▶ Given data:
⟨
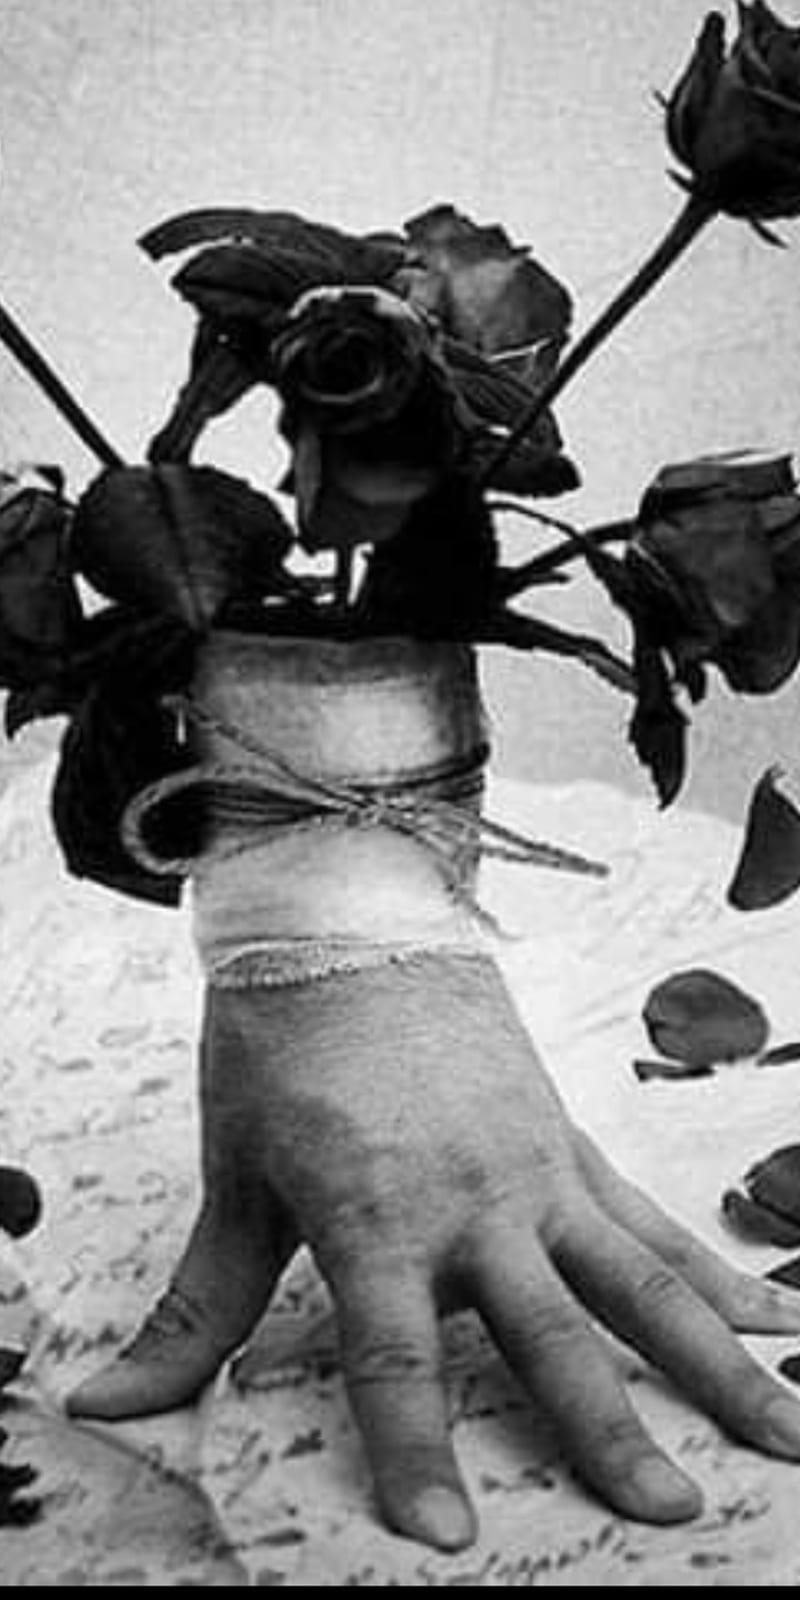 lana del rey black and white rose
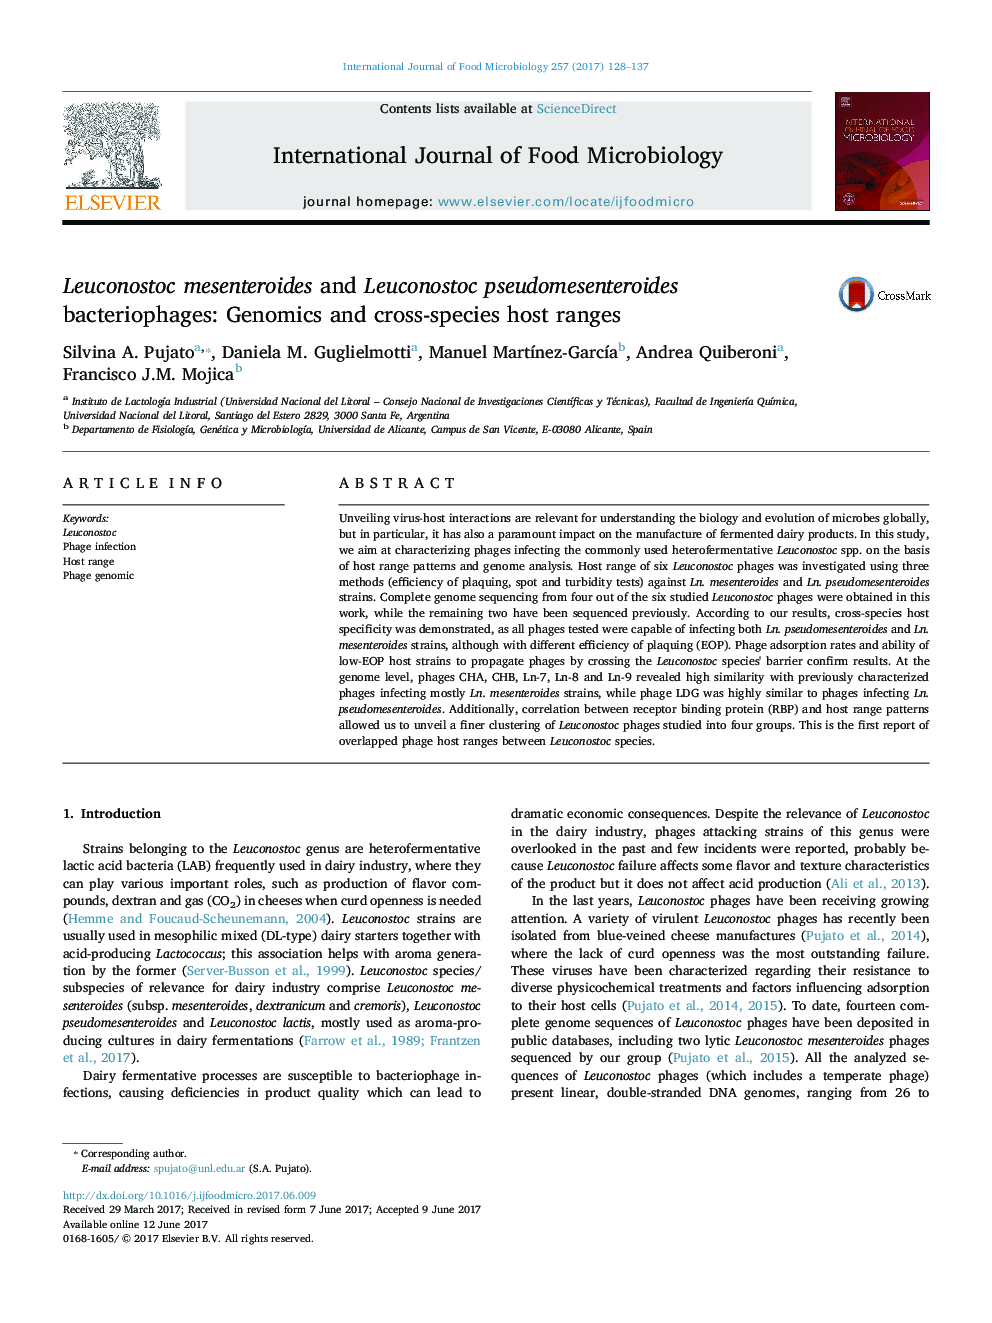 Leuconostoc mesenteroides and Leuconostoc pseudomesenteroides bacteriophages: Genomics and cross-species host ranges
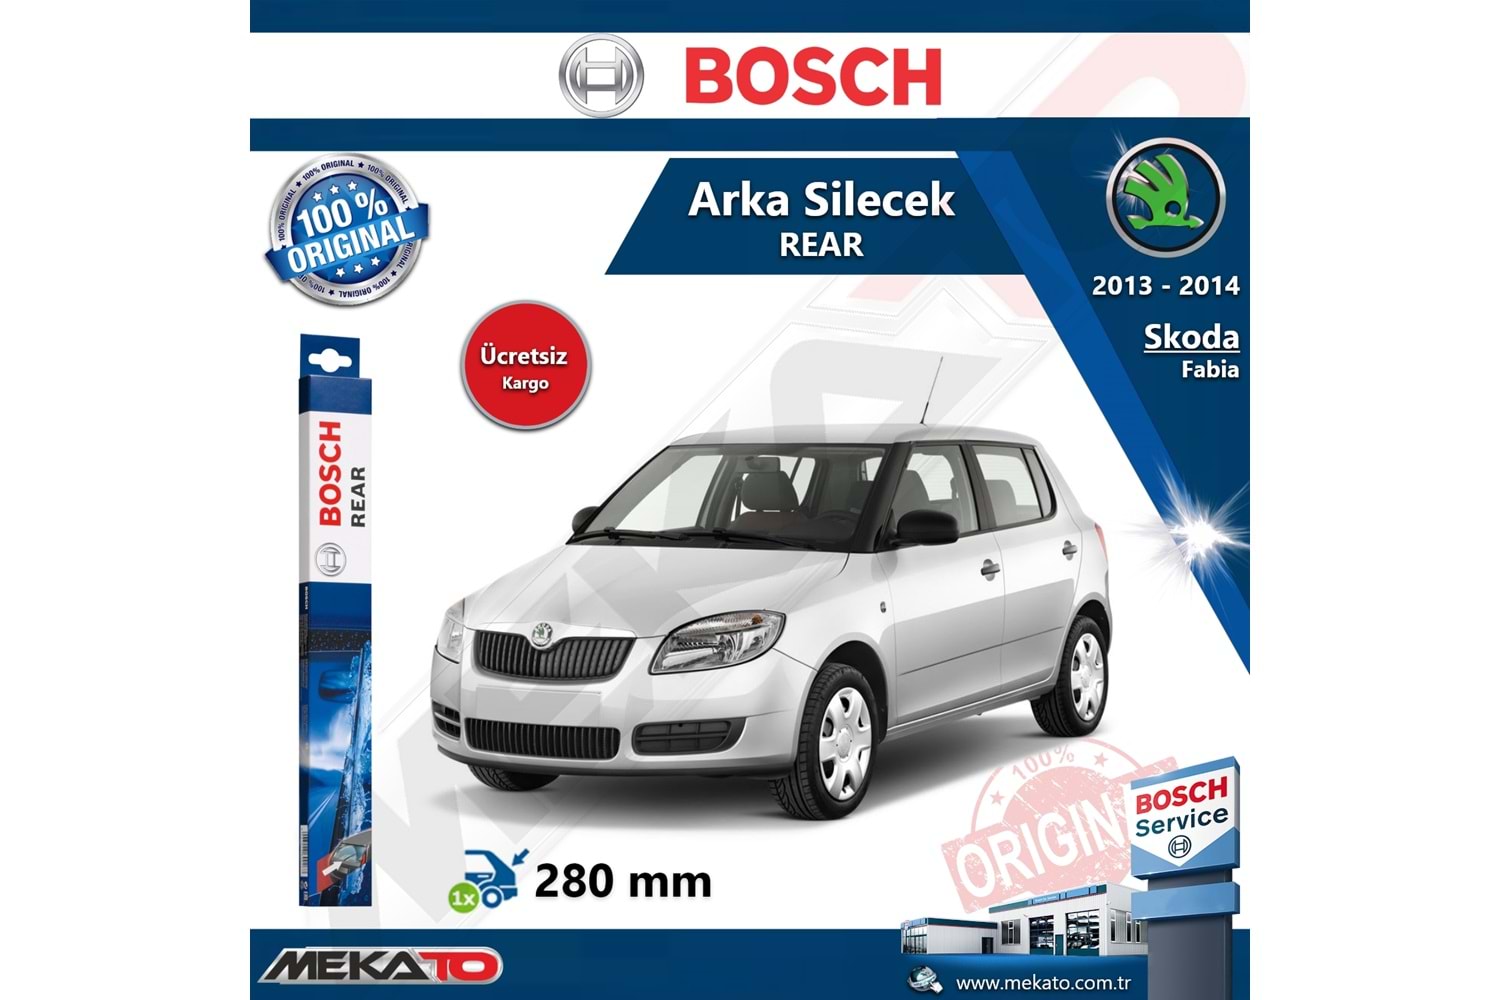 Skoda Fabia Arka Silecek Bosch Rear 2013-2014
⟩
▶ Assignment:
In your copy, leave out the pictures and reproduce the material above exactly.

▶ Exercise answer:
 lana del rey black and white rose
 Leuconostoc mesenteroides and Leuconostoc pseudomesenteroides bacteriophages: Genomics and cross-species host ranges
 Skoda Fabia Arka Silecek Bosch Rear 2013-2014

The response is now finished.